HIPAA Compliance: Your 2021 Definitive Guide

Lexin-Ann Morales
Reading time: 6 minutes.

doctor holding a patient information form and another healthcare worker assisting a patient (by PlatoForms Online Fillable Form Creator)

Because of the COVID-19 pandemic, the use of telehealth began to rise rapidly to expand the health assistance to patients amidst quarantine limitations. Since everyone is advised to stay at home, those who seek medical help found convenience through telehealth for check-ups. Since medical consultations are now conducted online, the use of online forms to obtain patient information needs to be more secured than ever. Thankfully, HIPAA compliance exists.
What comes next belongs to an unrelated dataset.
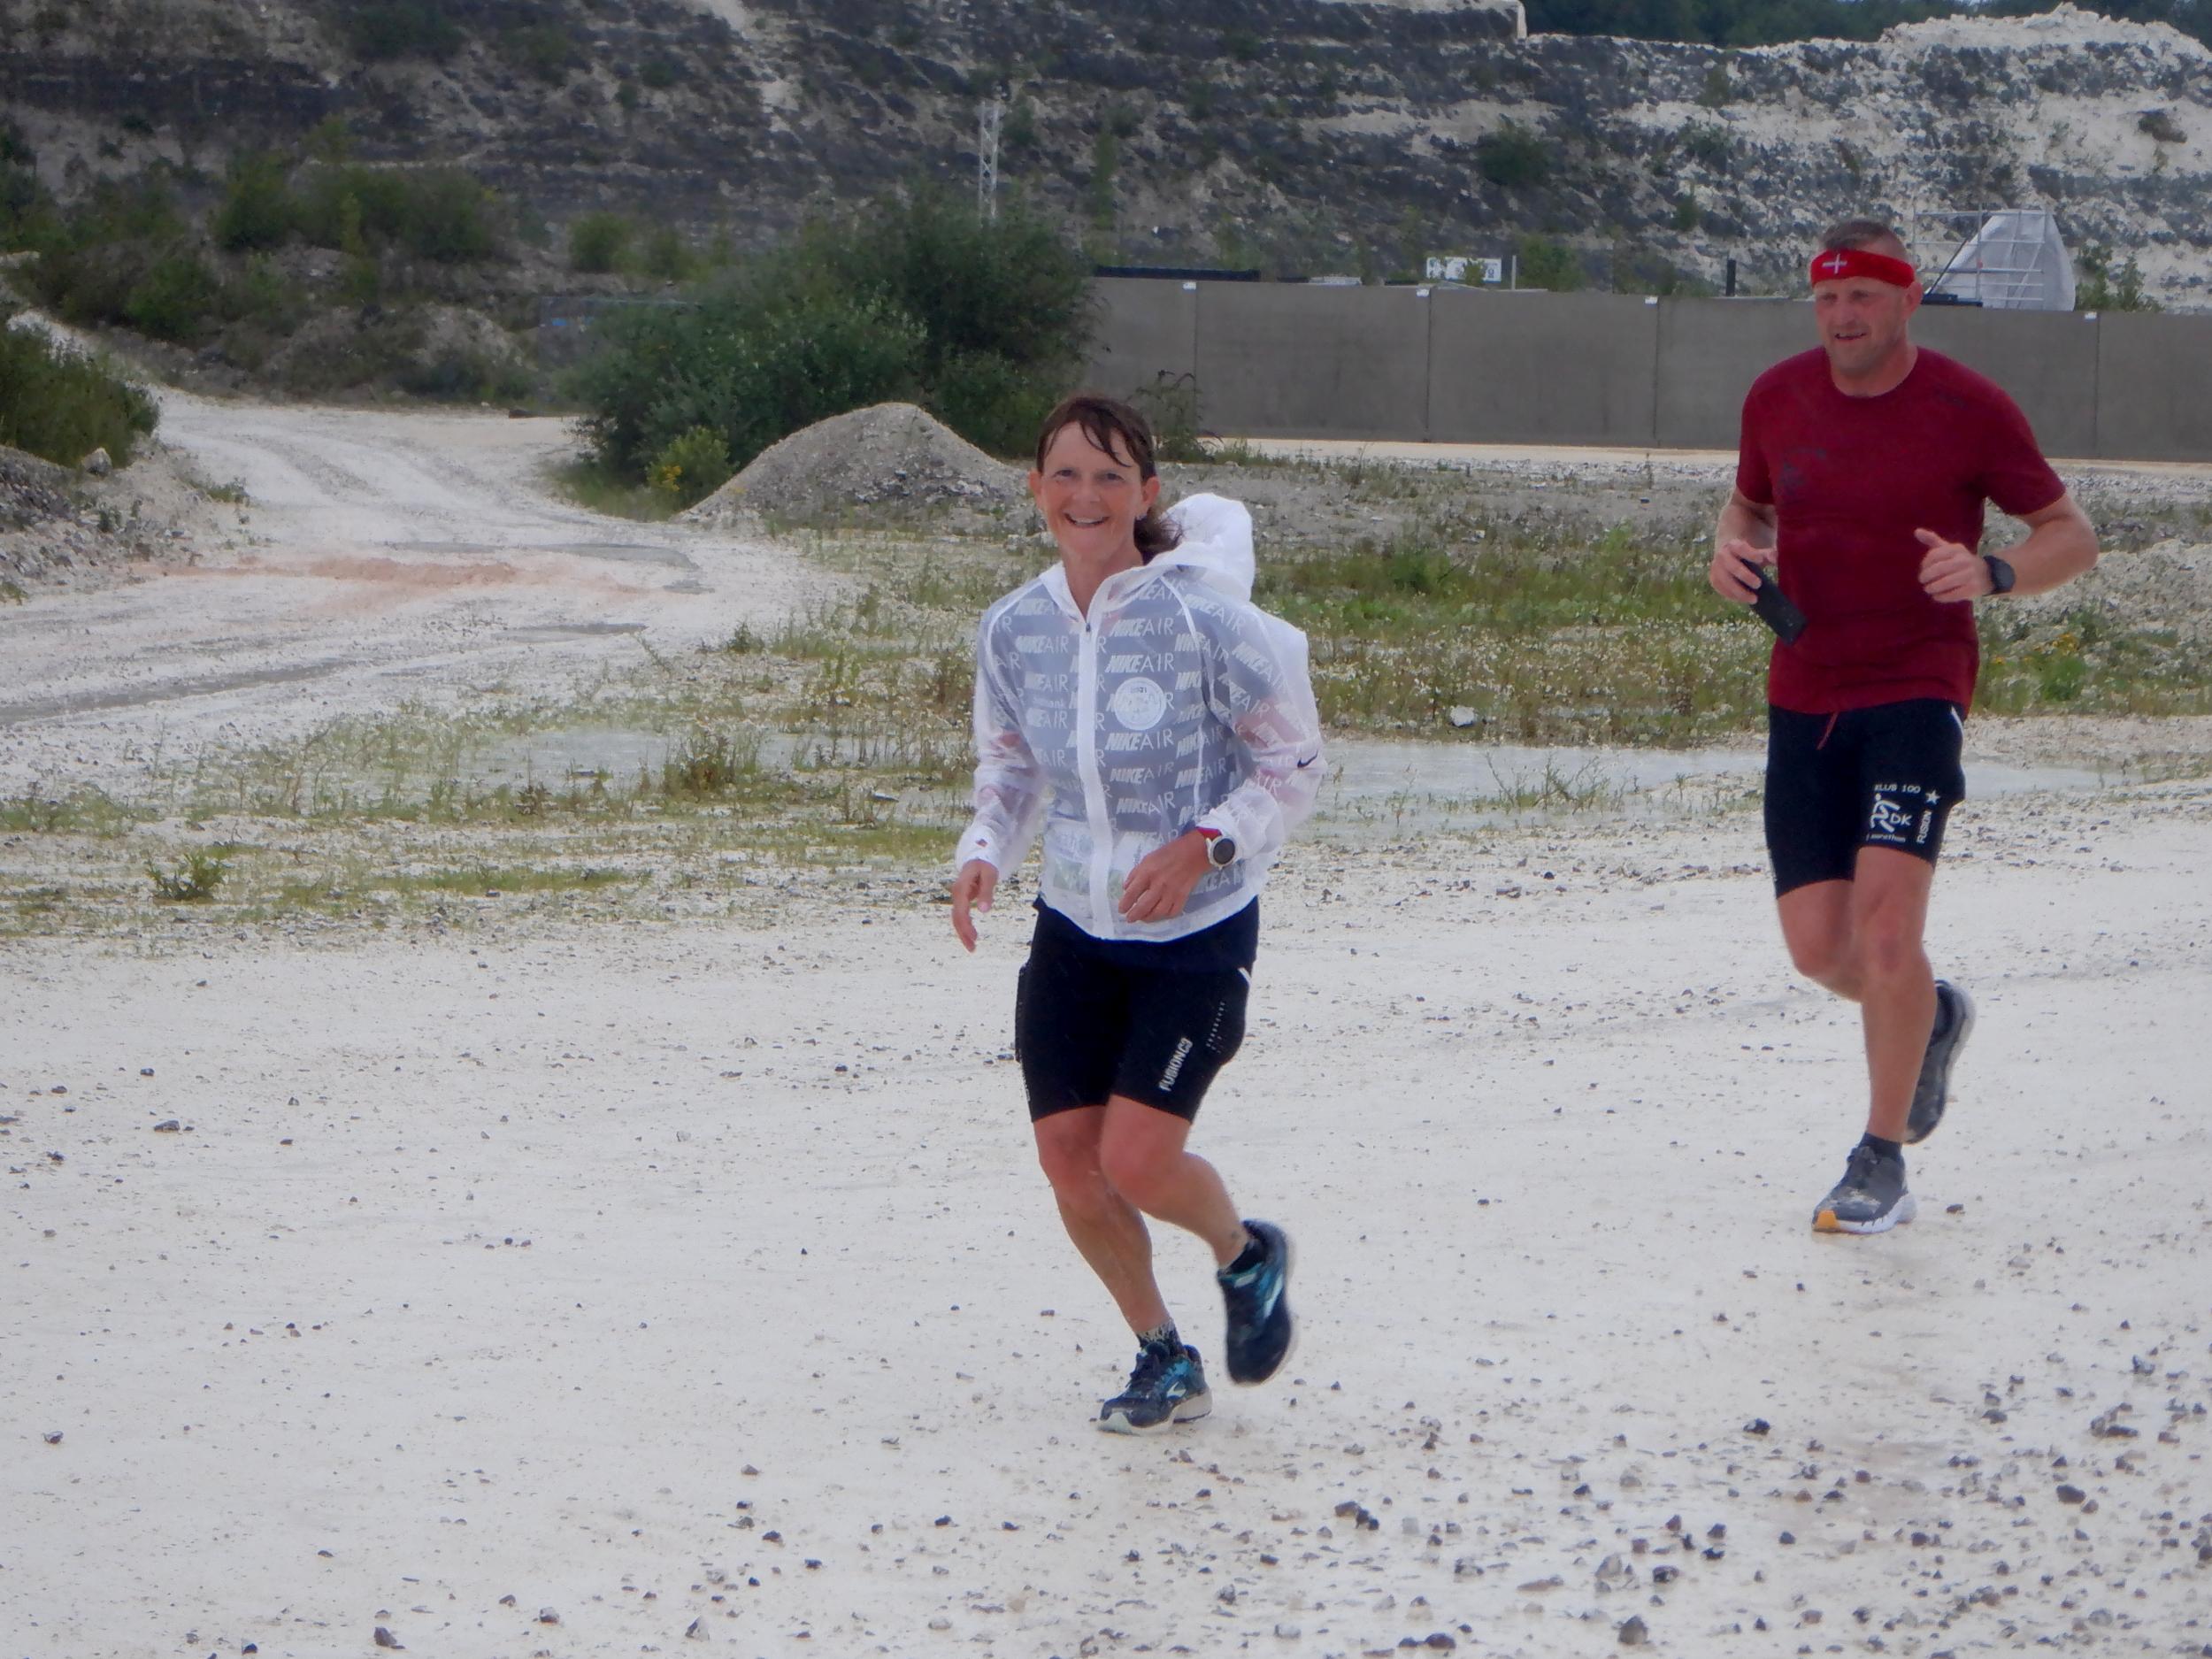 Et par løbere i Faxe Kalkbrud.

Because of this act, healthcare providers have the HIPAA authorization to obtain medical information from forms.

In this article, we’ll walk through what telehealth is, HIPAA compliance definition, which organizations need to be HIPAA compliant, and how our HIPAA Online PDF forms can help your provider to stay compliant.

Table of Contents:

  1. The wonders of telehealth
  2. What is HIPAA compliance?
  3. Who needs HIPAA compliant?
  4. What are the penalties from HIPAA violation?
  5. PlatoForms offers HIPAA compliant forms

The wonders of telehealth

Using telehealth is like your usual video call. When my doctor video called me for my online consultation, nothing felt different–although describing how I struggled with hearing was a bit challenging, and one of the reasons is:

I was trying to point out which part of my ear hurts, and since it’s an online consultation, the doctor can’t have an in-depth examination of the inner part of my ear. Aside from trying my best to be descriptive, the doctor can only advise so much from what you are telling him. Despite the challenges, I wouldn’t mind another telehealth consultation next time.

While most people prefer face-to-face consultations, a lot of people find it comfortable to use telehealth for checkups, including seniors. Now, video calls aren’t limited to the usual video call catch-ups, online classes, and work webinars anymore. Through common online platforms such as Google Meet, Facebook Messenger, Skype, or Zoom, healthcare providers may use these applications to conduct medical checkups online. However, using these applications may be a threat to patient’s privacy. As a result, using these apps shouldn’t be used by healthcare providers for telehealth services.

Telehealth looks like it’s not going to end anytime soon yet, and is going to be a part of the new normal once the pandemic is over. With a HIPAA-compliant online form builder, healthcare providers can obtain the most confidential and sensitive patient information in online forms at ease.

What is HIPAA compliance?

The Health Insurance Portability and Accountability Act, otherwise known as HIPAA, was established in 1996 by President Bill Clinton. It was passed to protect personal information, particularly in the healthcare space. This act is put in place to give those that are working with protected health information guidelines. In order to stay compliant, you must have physical and technical safeguards in place. For example, if you are hosting your data, you need to use a HIPAA-compliant form builder that has physical and technical safeguards in place. Here at PlatoForms, we have put into place the systems needed to protect personal health information when you upgrade your account.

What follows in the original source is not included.